Replace all matching regex/literal substrings with a new string value

Usage

<Expr>$str$replace_all(pattern, value, ..., literal = FALSE)

Arguments

pattern A character or something can be coerced to a string Expr of a valid regex pattern, compatible with the regex crate.
value A character or an Expr of string that will replace the matched substring.
These dots are for future extensions and must be empty.
literal Logical. If TRUE, treat pattern as a literal string, not as a regular expression.

Details

To modify regular expression behaviour (such as case-sensitivity) with flags, use the inline (?iLmsuxU) syntax. See the regex crate’s section on grouping and flags for additional information about the use of inline expression modifiers.

Value

A polars expression

Capture groups

The dollar sign ($) is a special character related to capture groups.

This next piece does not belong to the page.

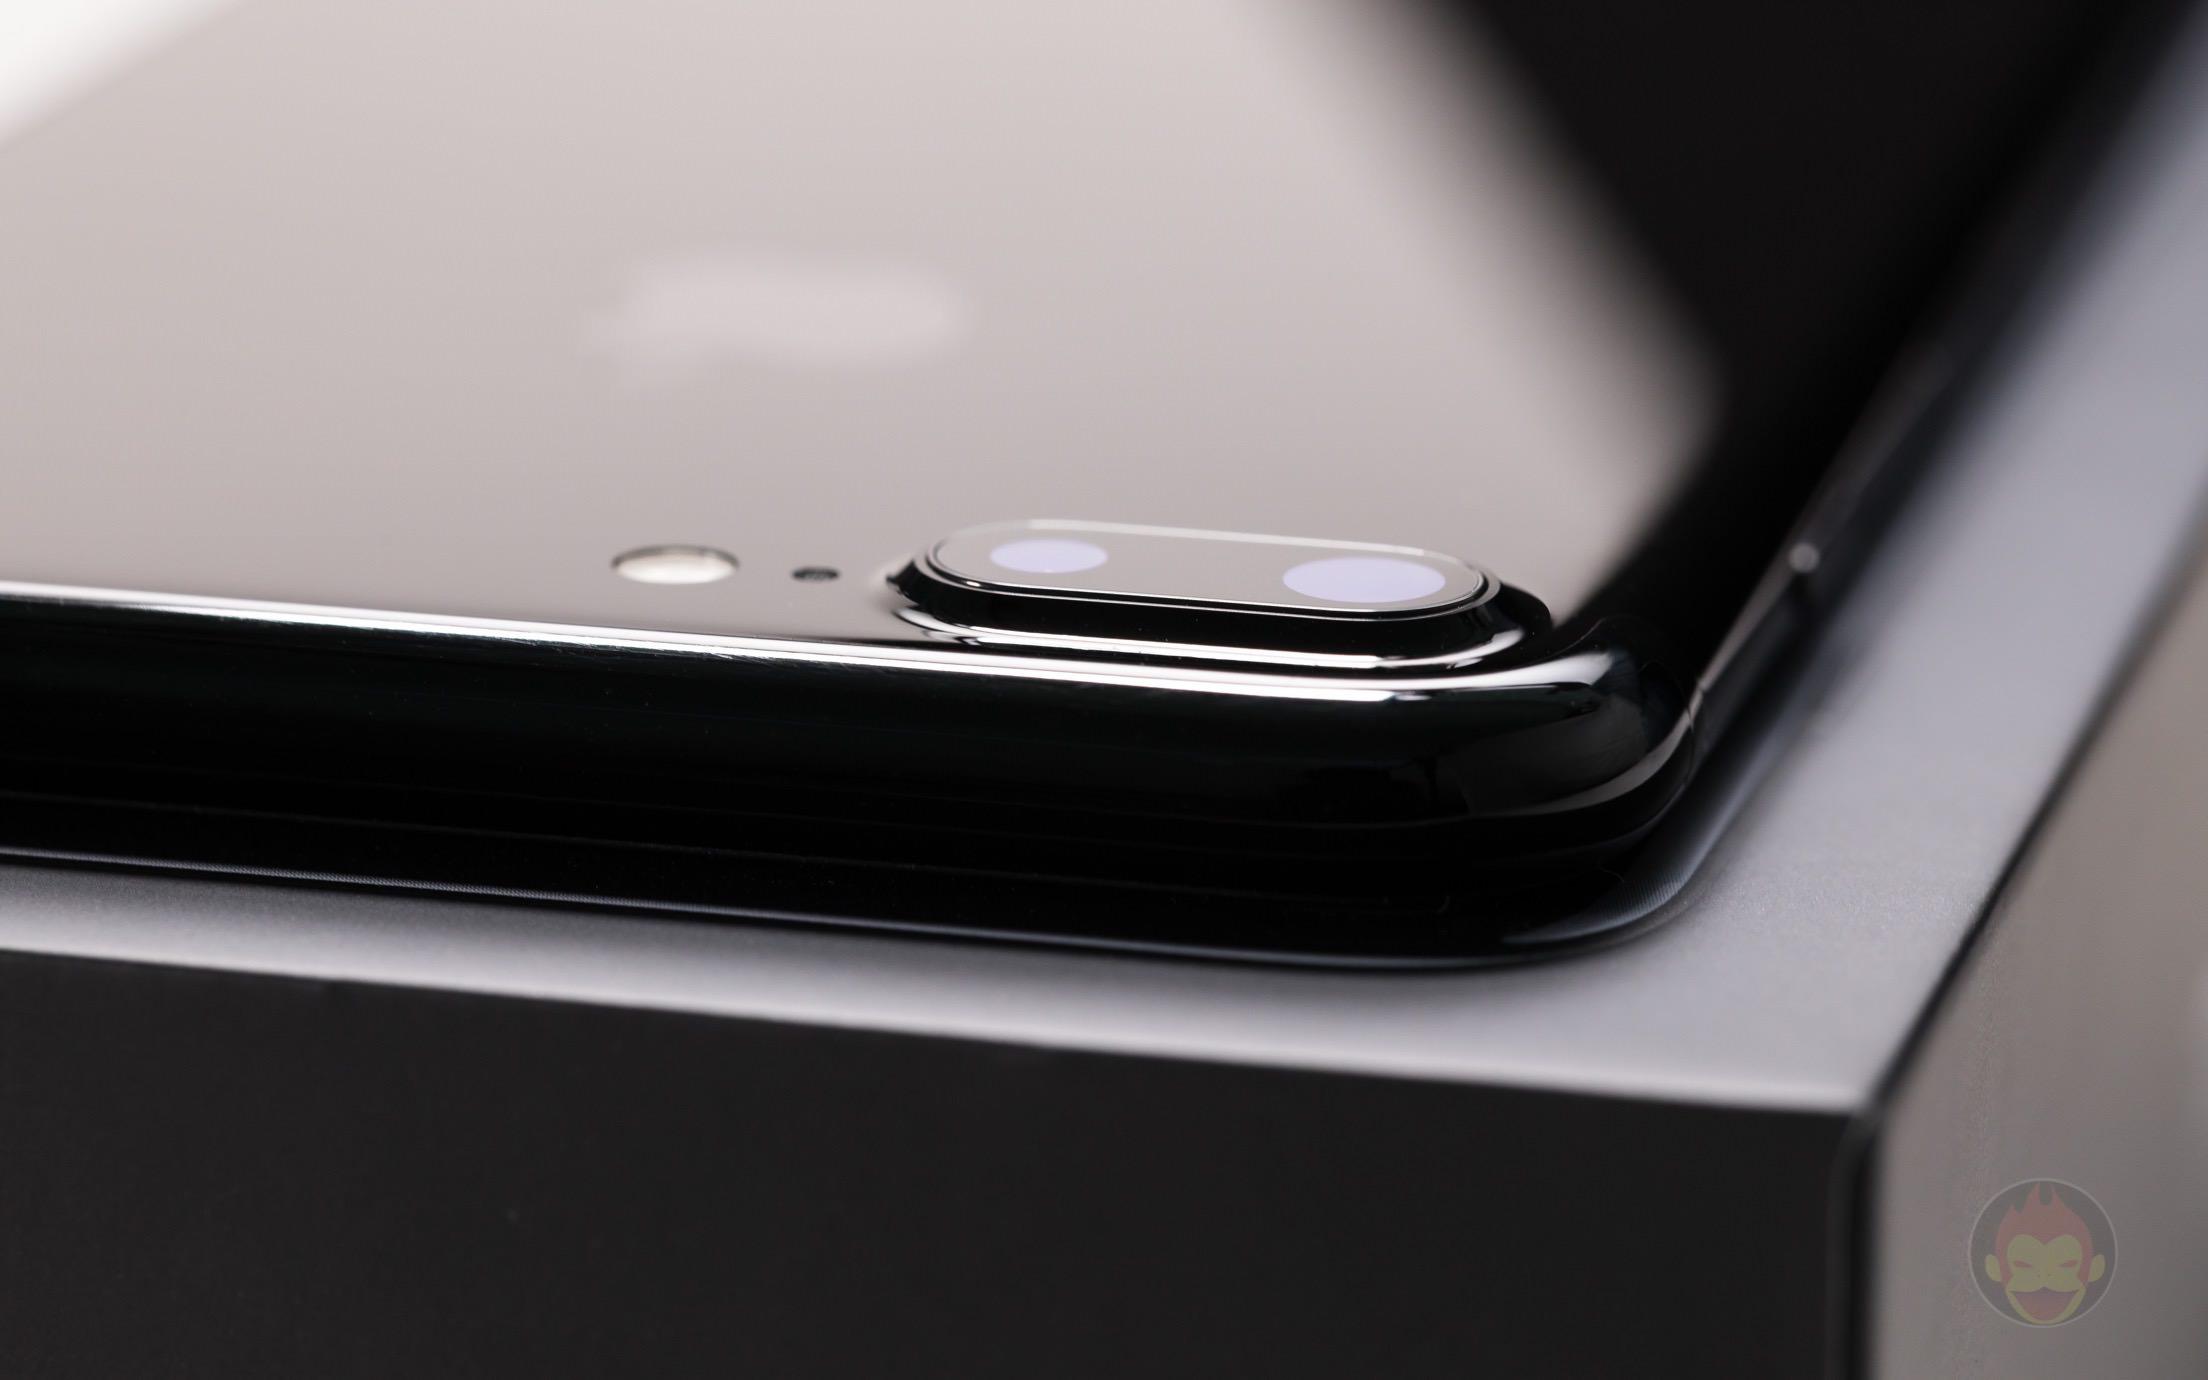 iPhone-7-Plus-Dual-Lens-Camera-01.jpg
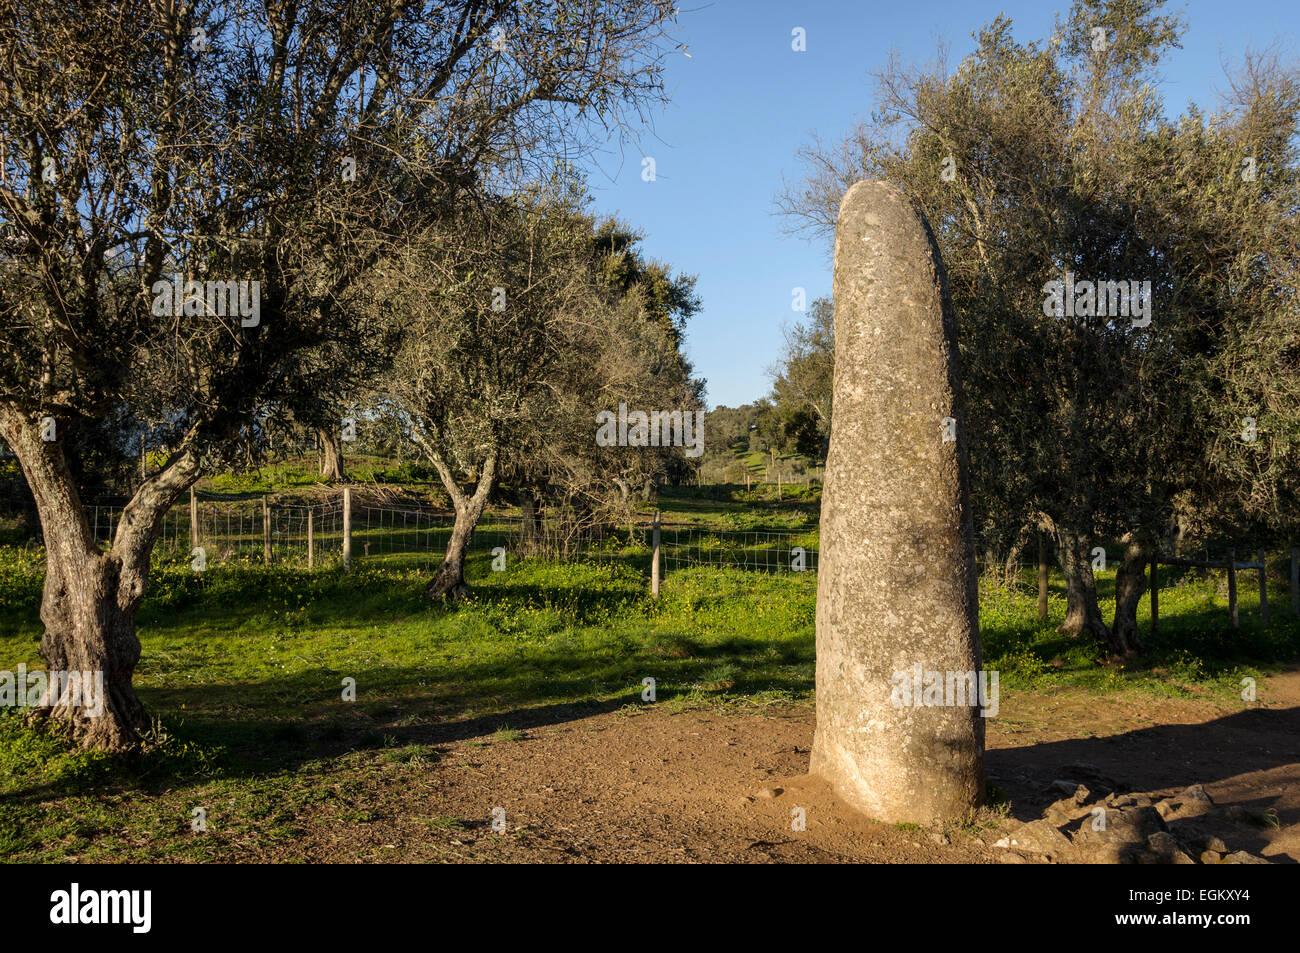 Menir dos Almendres, Almendres menhir - Stock Image

To refer to a literal dollar sign, use $$ instead or set literal to TRUE.

See Also

  • \$str$replace()

Examples

library("polars")

df <- pl$DataFrame(id = 1L:2L, text = c("abcabc", "123a123"))
df$with_columns(pl$col("text")$str$replace_all("a", "-"))
#> shape: (2, 2)
#> ┌─────┬─────────┐
#> │ id  ┆ text    │
#> │ --- ┆ ---     │
#> │ i32 ┆ str     │
#> ╞═════╪═════════╡
#> │ 1   ┆ -bc-bc  │
#> │ 2   ┆ 123-123 │
#> └─────┴─────────┘
# Capture groups are supported.
# Use `${1}` in the value string to refer to the first capture group in the pattern,
# `${2}` to refer to the second capture group, and so on.
# You can also use named capture groups.
df <- pl$DataFrame(word = c("hat", "hut"))
df$with_columns(
  positional = pl$col("word")$str$replace_all("h(.)t", "b${1}d"),
  named = pl$col("word")$str$replace_all("h(?<vowel>.)t", "b${vowel}d")
)
#> shape: (2, 3)
#> ┌──────┬────────────┬───────┐
#> │ word ┆ positional ┆ named │
#> │ ---  ┆ ---        ┆ ---   │
#> │ str  ┆ str        ┆ str   │
#> ╞══════╪════════════╪═══════╡
#> │ hat  ┆ bad        ┆ bad   │
#> │ hut  ┆ bud        ┆ bud   │
#> └──────┴────────────┴───────┘
# Apply case-insensitive string replacement using the `(?i)` flag.
df <- pl$DataFrame(
  city = rep("Philadelphia", 4),
  season = c("Spring", "Summer", "Autumn", "Winter"),
  weather = c("Rainy", "Sunny", "Cloudy", "Snowy")
)
df$with_columns(
  pl$col("weather")$str$replace_all(
    "(?i)foggy|rainy|cloudy|snowy", "Sunny"
  )
)
#> shape: (4, 3)
#> ┌──────────────┬────────┬─────────┐
#> │ city         ┆ season ┆ weather │
#> │ ---          ┆ ---    ┆ ---     │
#> │ str          ┆ str    ┆ str     │
#> ╞══════════════╪════════╪═════════╡
#> │ Philadelphia ┆ Spring ┆ Sunny   │
#> │ Philadelphia ┆ Summer ┆ Sunny   │
#> │ Philadelphia ┆ Autumn ┆ Sunny   │
#> │ Philadelphia ┆ Winter ┆ Sunny   │
#> └──────────────┴────────┴─────────┘